WHAT THE EXERCISE ASKS — Print the records below word for word, but leave out the pictures.

Records from a data collection —
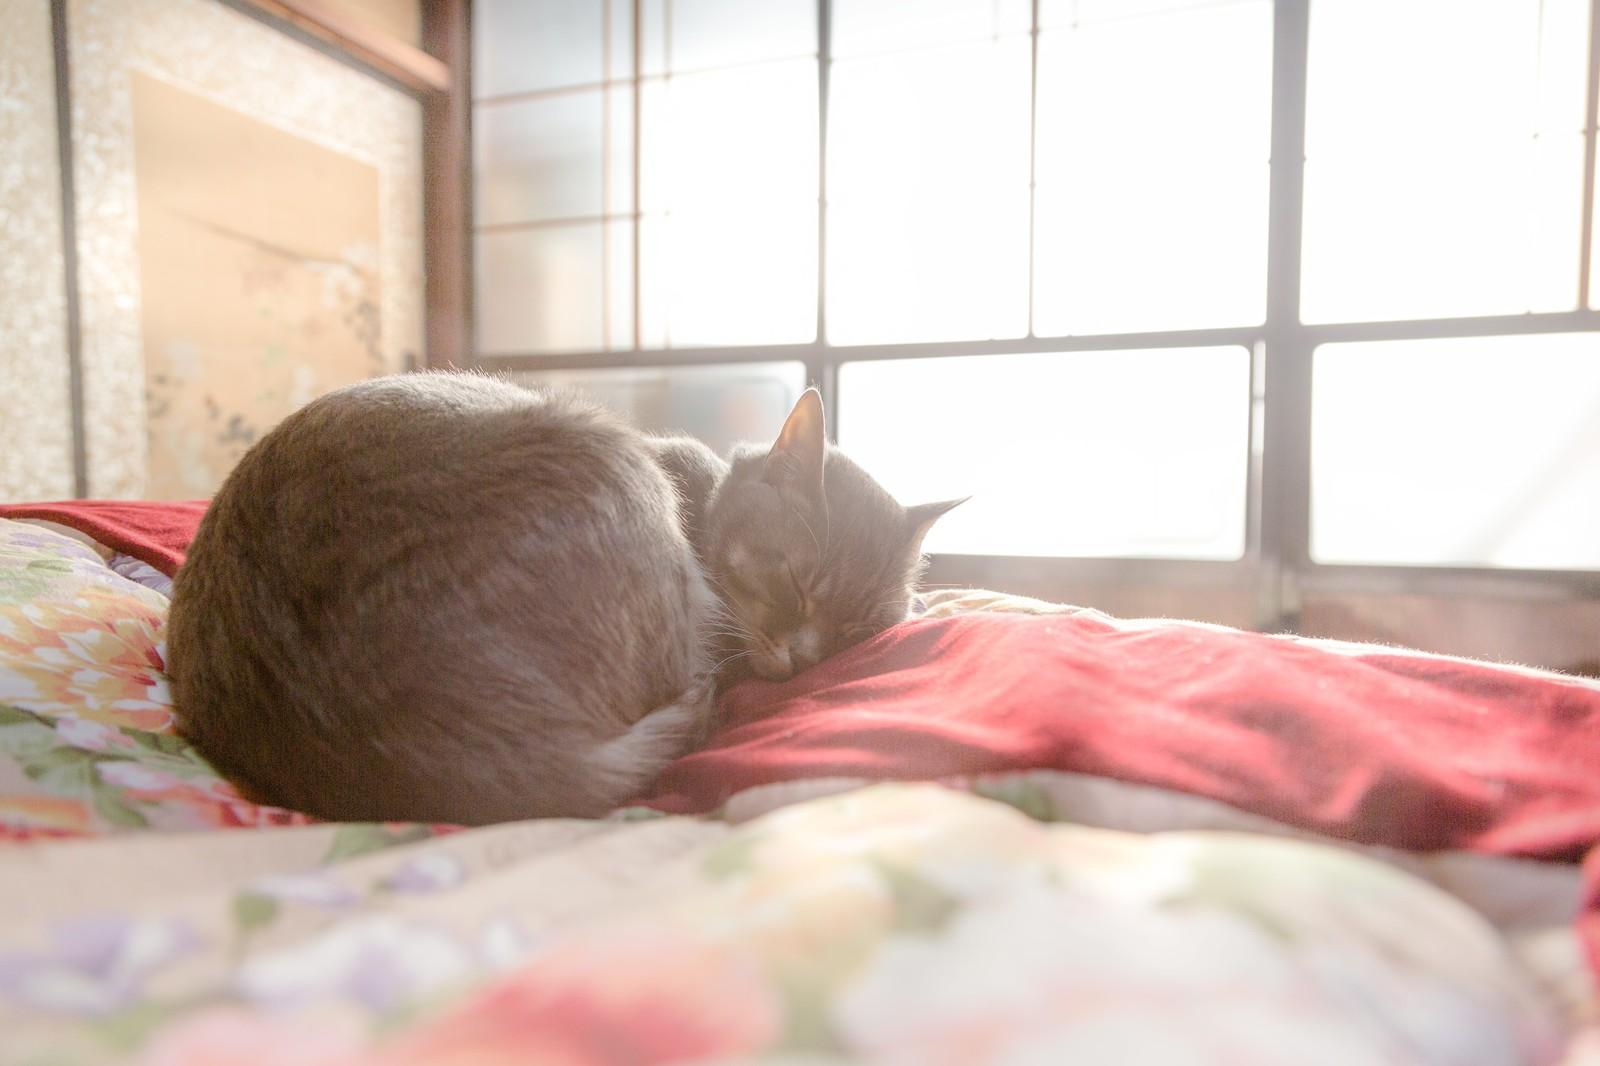 お布団で寝坊する猫ちゃん
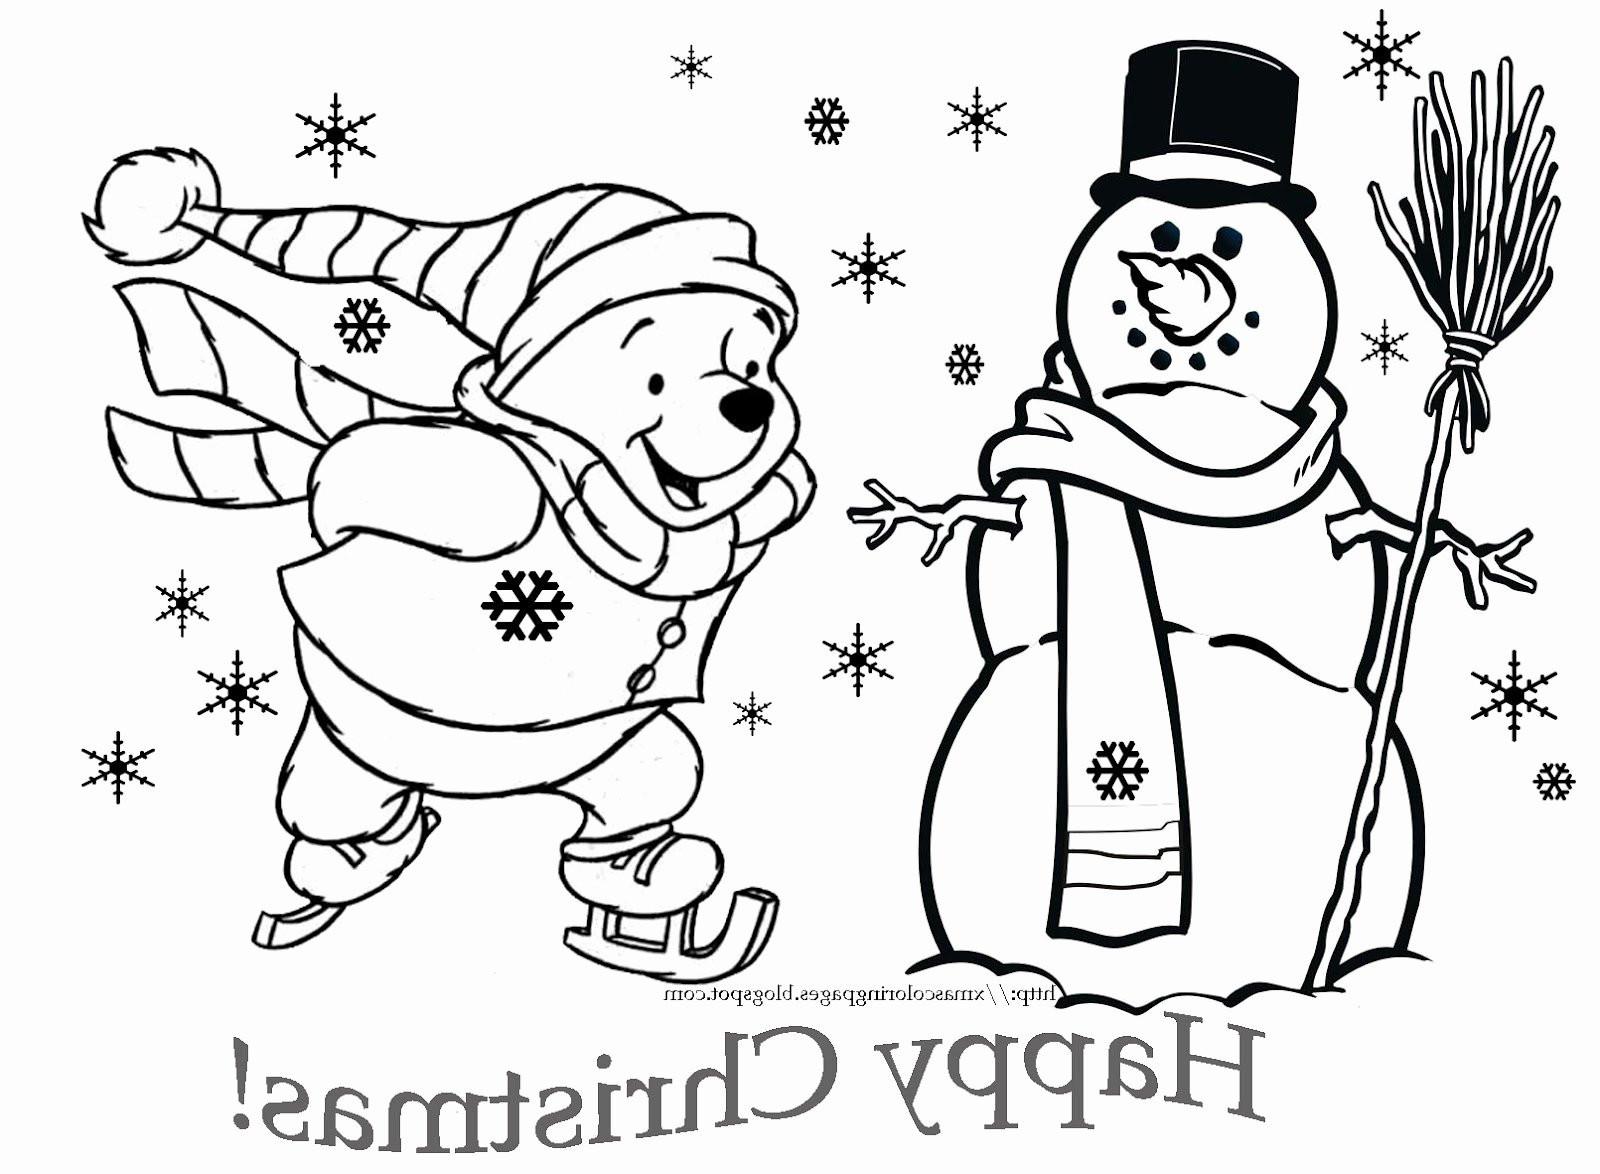 Malvorlagen Weihnachten Schneemann Genial 30 Beste Von Weihnachts Ausmalbilder – Malvorlagen Ideen Bild
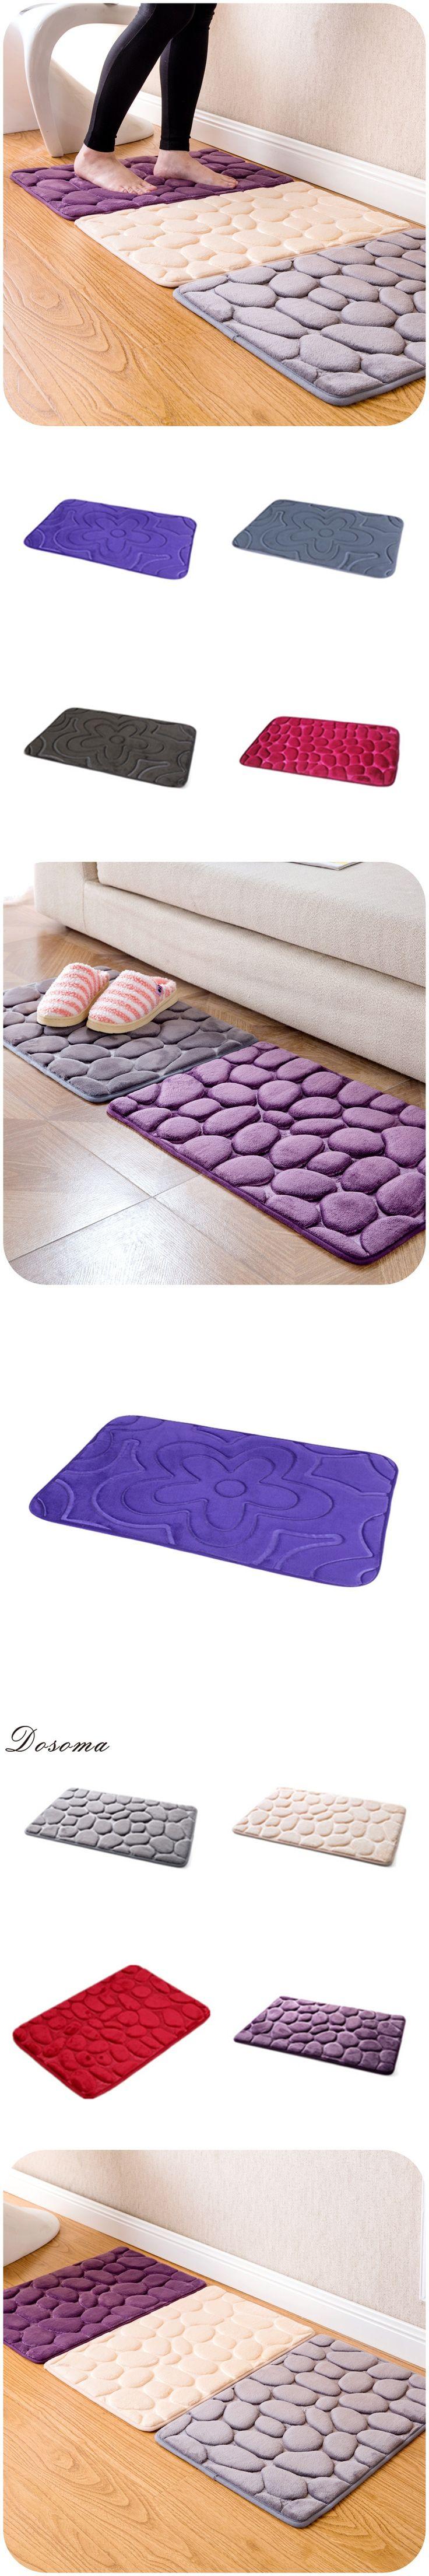 40*60cm 3D Stone Non-Slip Bedroom Carpets Toilet Accessories Mat Bathroom Rug 4 Colors Banyo Paspas Tapis Salle De Bain
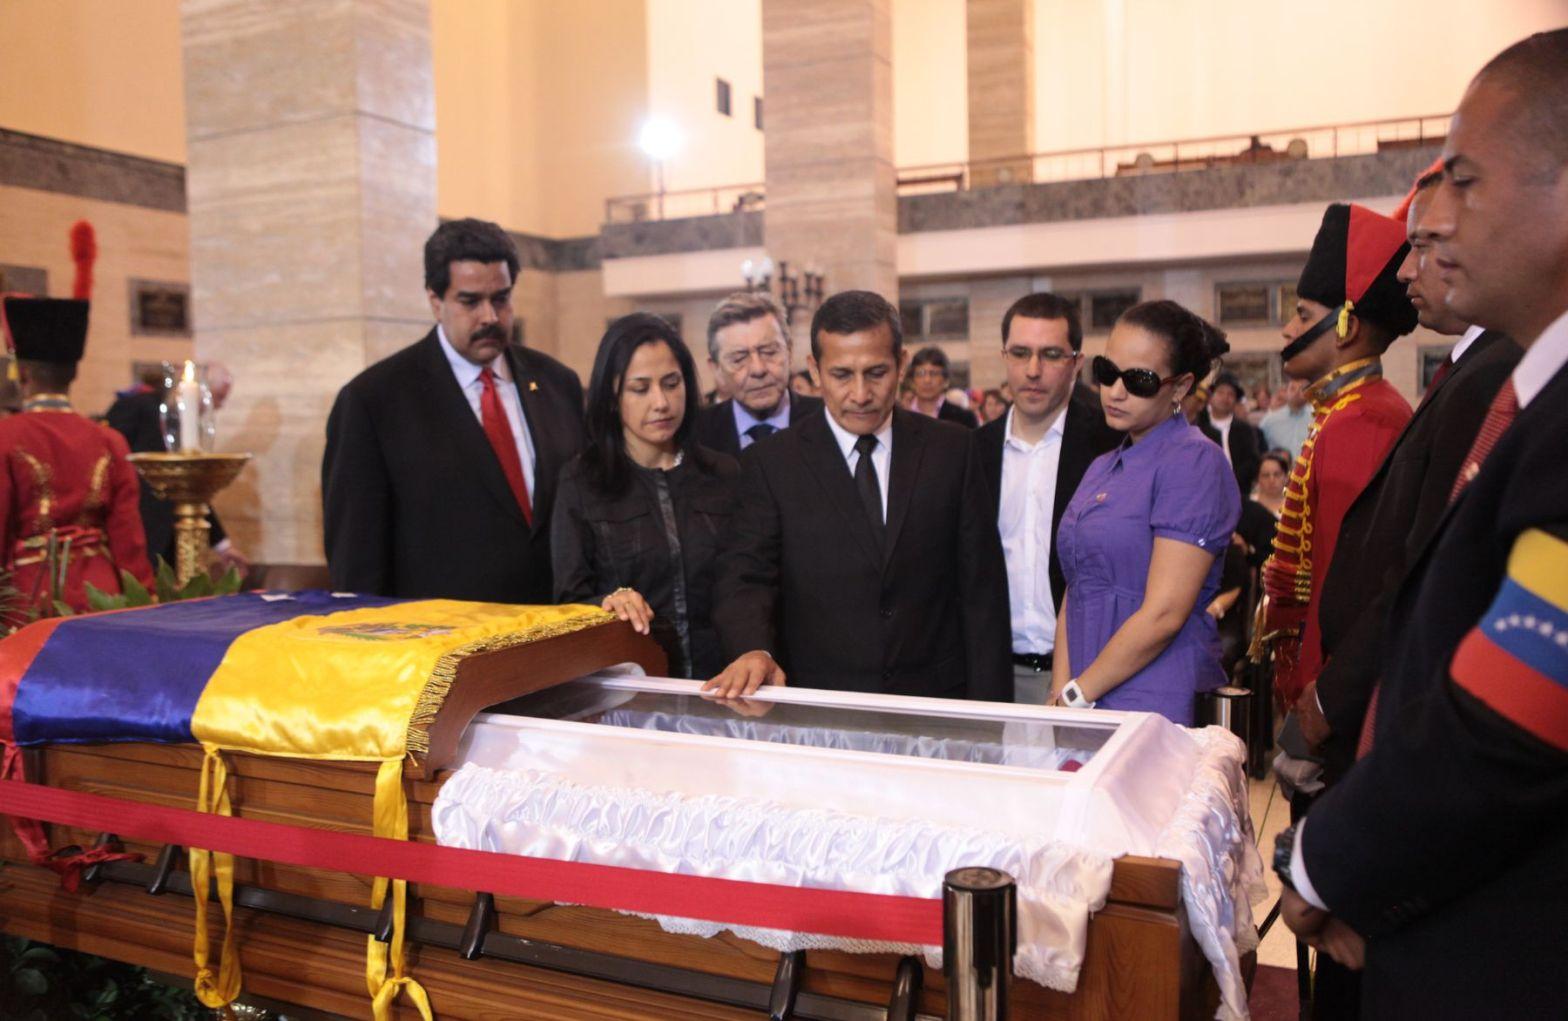 Ollanta Humala y Nadine Heredia ante el féretro de Hugo Chávez
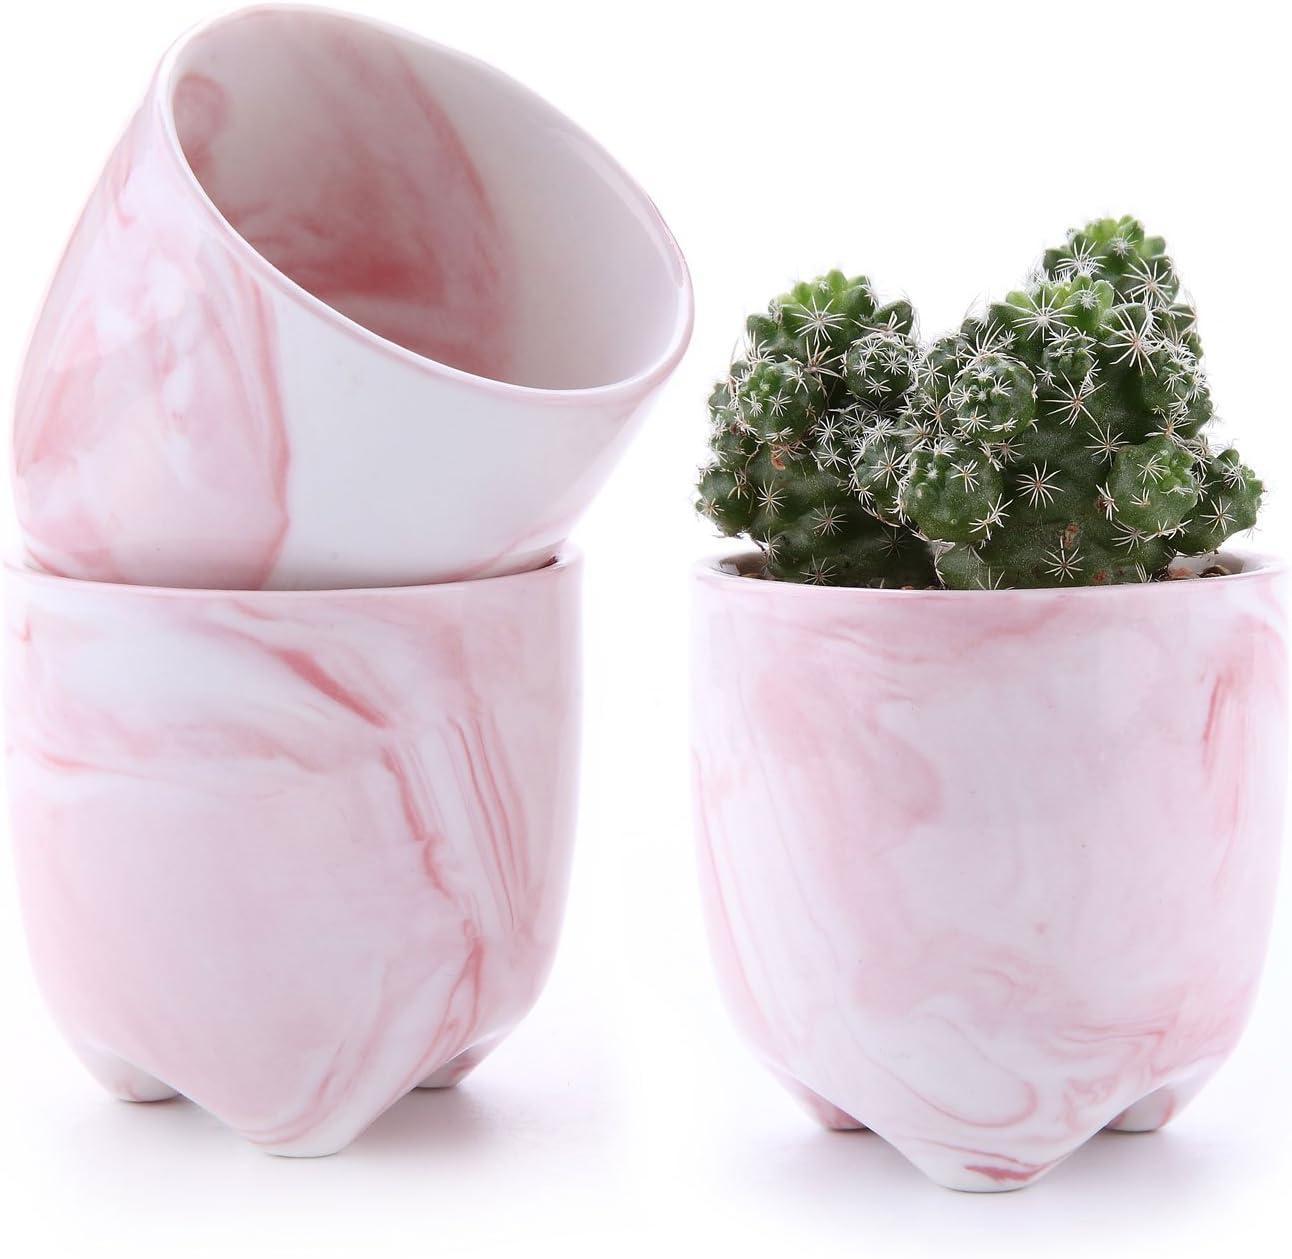 New Mini Small Ceramic Succulent Plant Pot Flower Planter Holder Cactus 2.25 In

ANSWER BELOW —
 お布団で寝坊する猫ちゃん
 Malvorlagen Weihnachten Schneemann Genial 30 Beste Von Weihnachts Ausmalbilder – Malvorlagen Ideen Bild
 40*60cm 3D Stone Non-Slip Bedroom Carpets Toilet Accessories Mat Bathroom Rug 4 Colors Banyo Paspas Tapis Salle De Bain
 Ollanta Humala y Nadine Heredia ante el féretro de Hugo Chávez
 New Mini Small Ceramic Succulent Plant Pot Flower Planter Holder Cactus 2.25 In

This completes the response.